*Supplied material*
*** Begin section ***
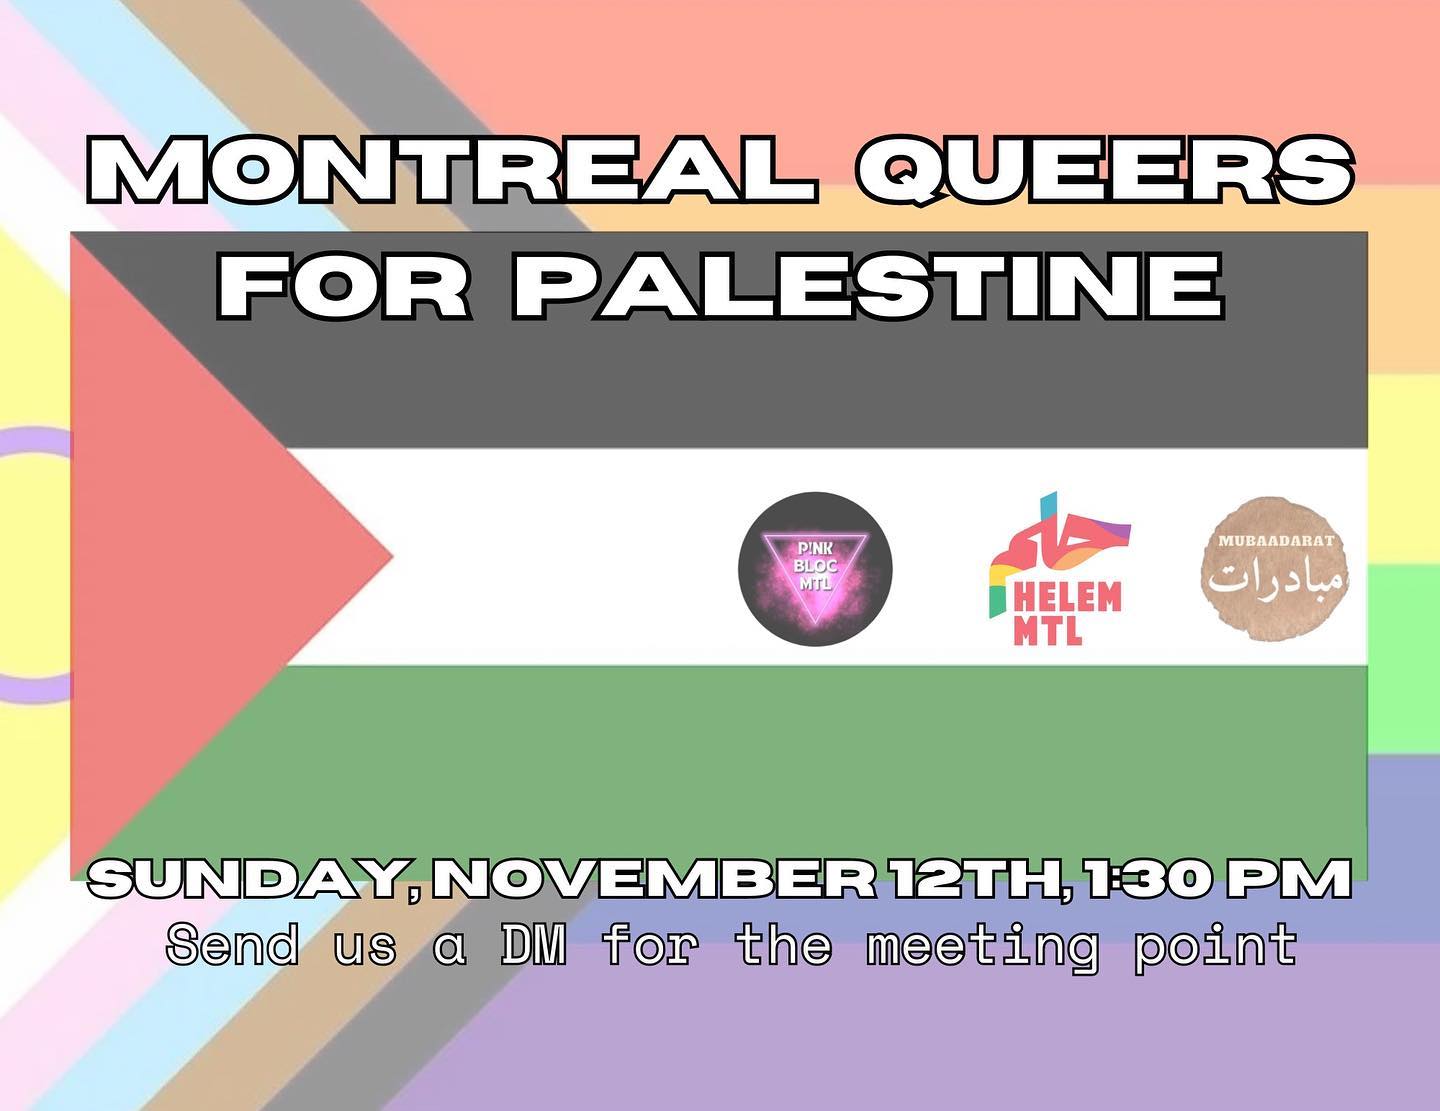 The image features the text : Montreal queers for Palestine. Friday november 12th, 1:30 pm. Please DM us for meeting point The image features a palestinian flag, a pride flag, and the logo of Helem, Mubaadarat and Pink Bloc
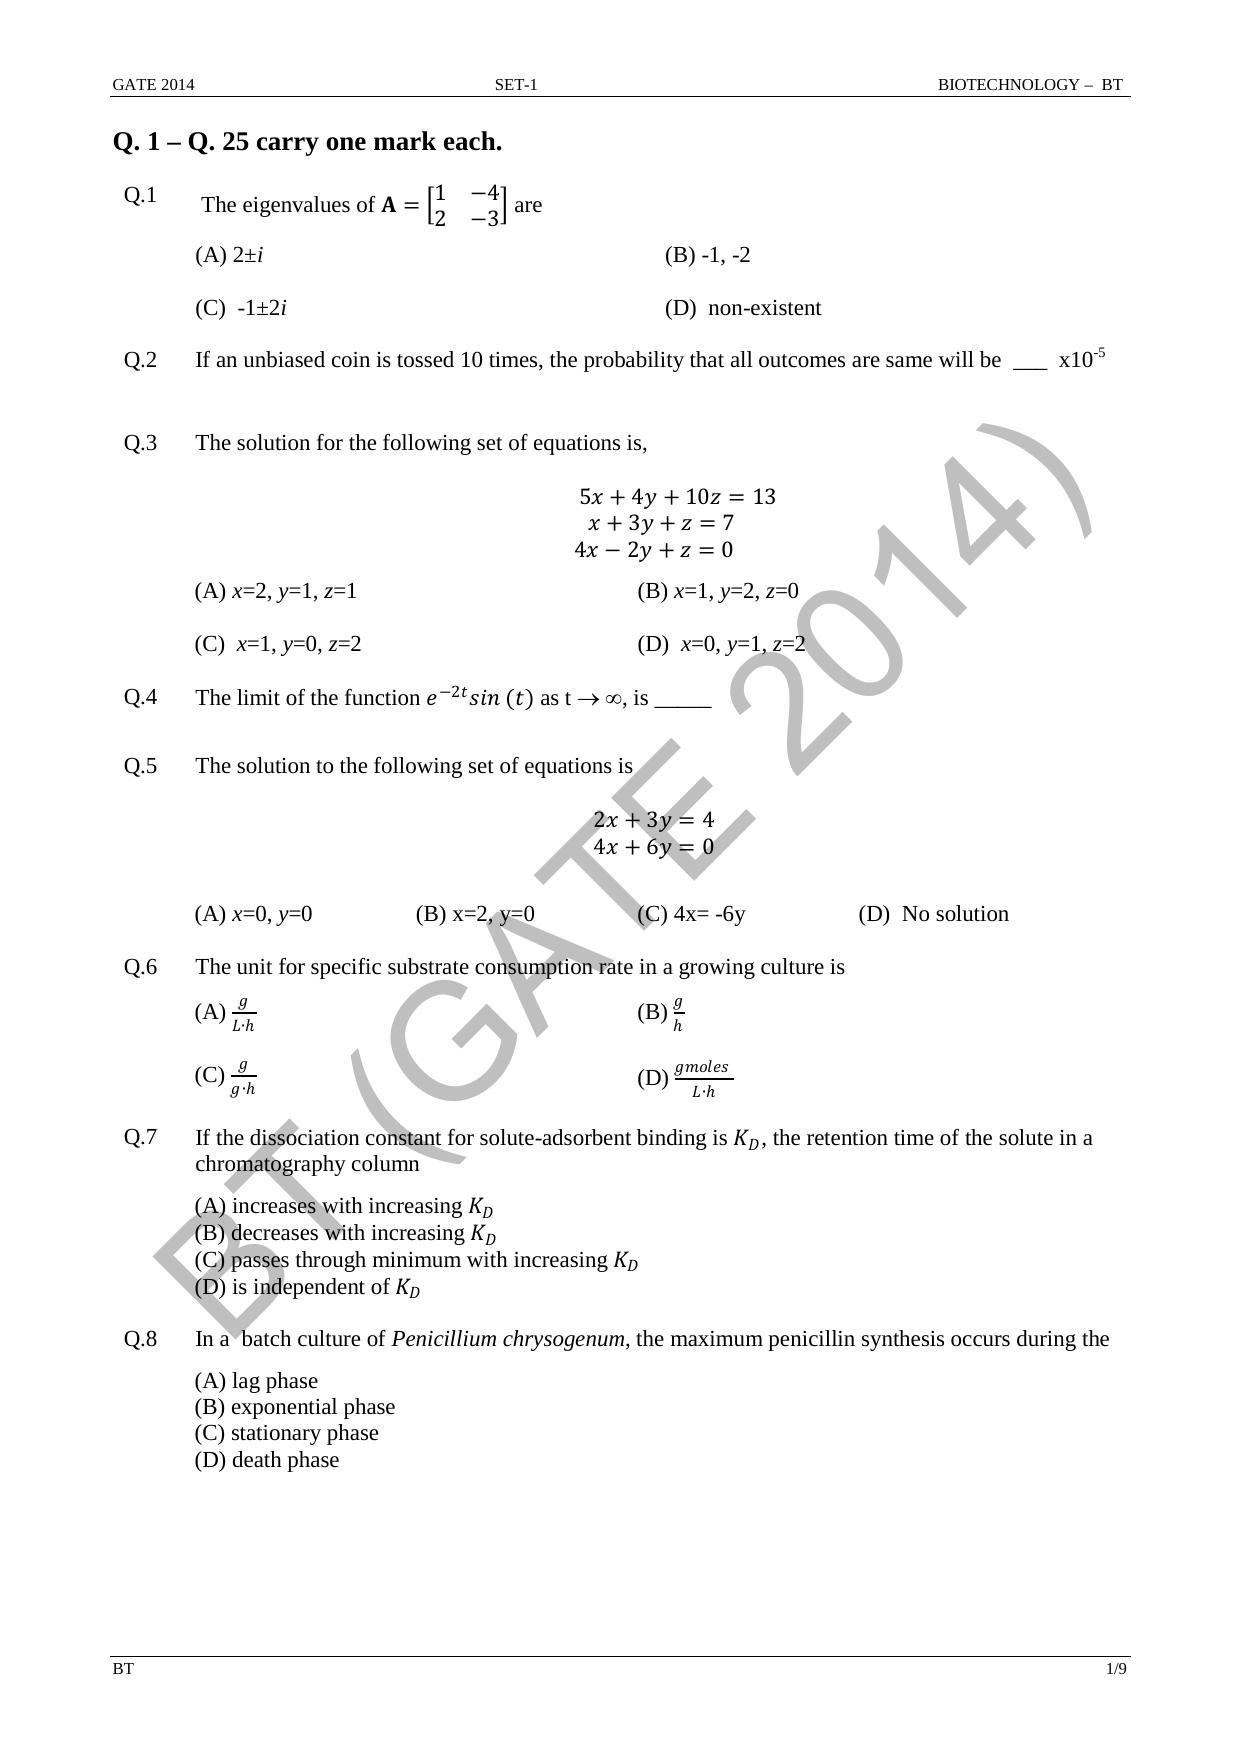 GATE 2014 Biotechnology (BT) Question Paper with Answer Key - Page 7
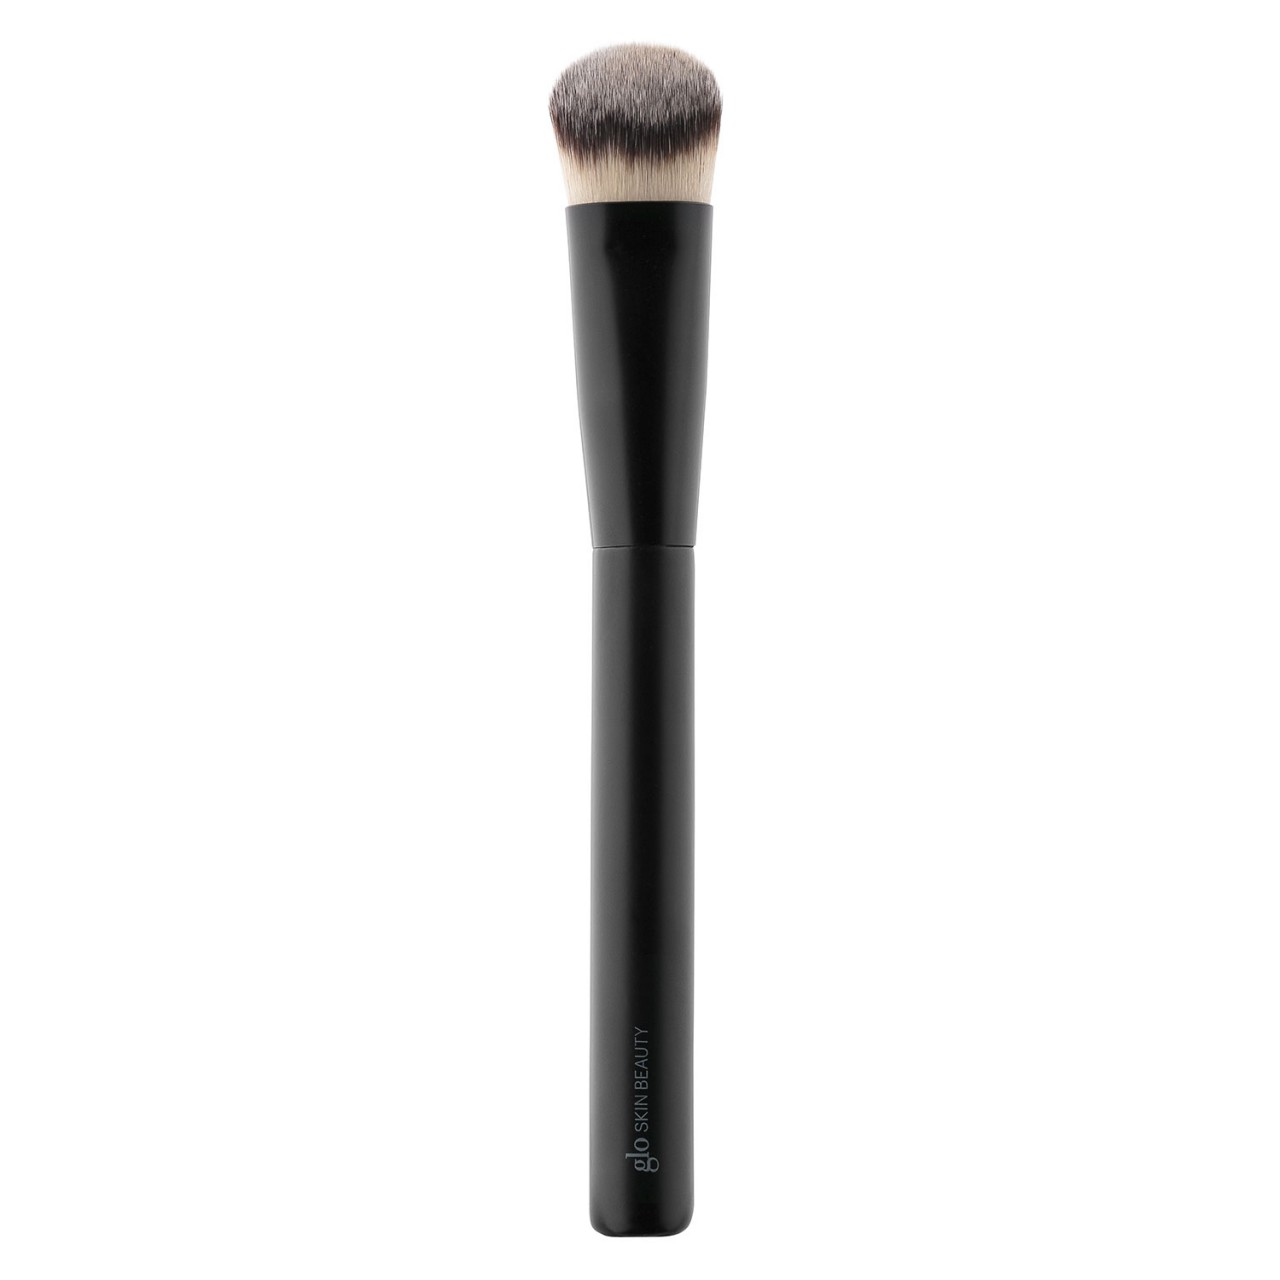 Glo Skin Beauty Tools - Angled Complexion Brush von Glo Skin Beauty
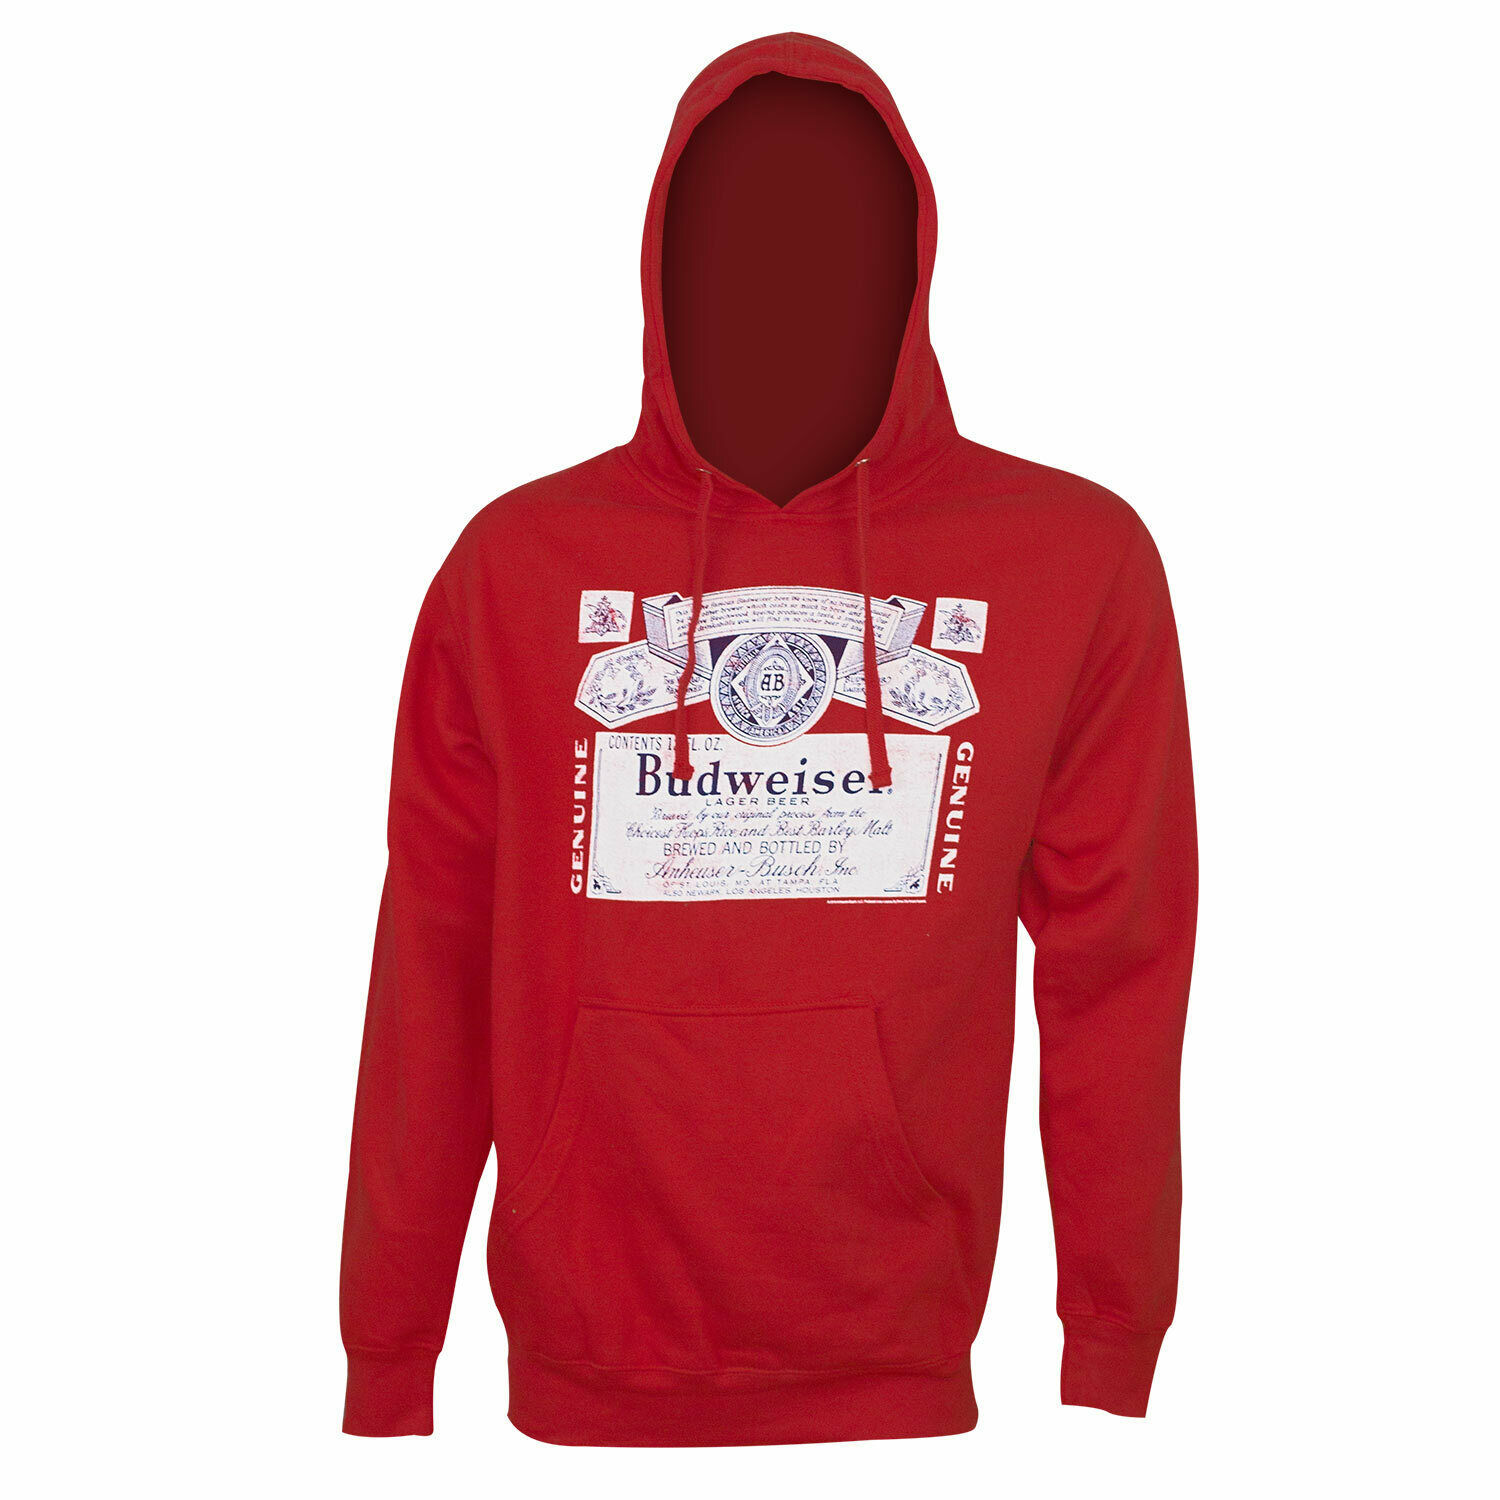 Primary image for Budweiser Classic Label Hoodie Sweatshirt Red
*** End section ***
*Directions*
Set the lines down exactly as they stand, from the one containing "GATE 2014 Biotechnology" through the end of the listing, omitting every picture.

*Answer to the problem*
 GATE 2014 Biotechnology (BT) Question Paper with Answer Key - Page 7
 Glo Skin Beauty Tools - Angled Complexion Brush von Glo Skin Beauty
 Primary image for Budweiser Classic Label Hoodie Sweatshirt Red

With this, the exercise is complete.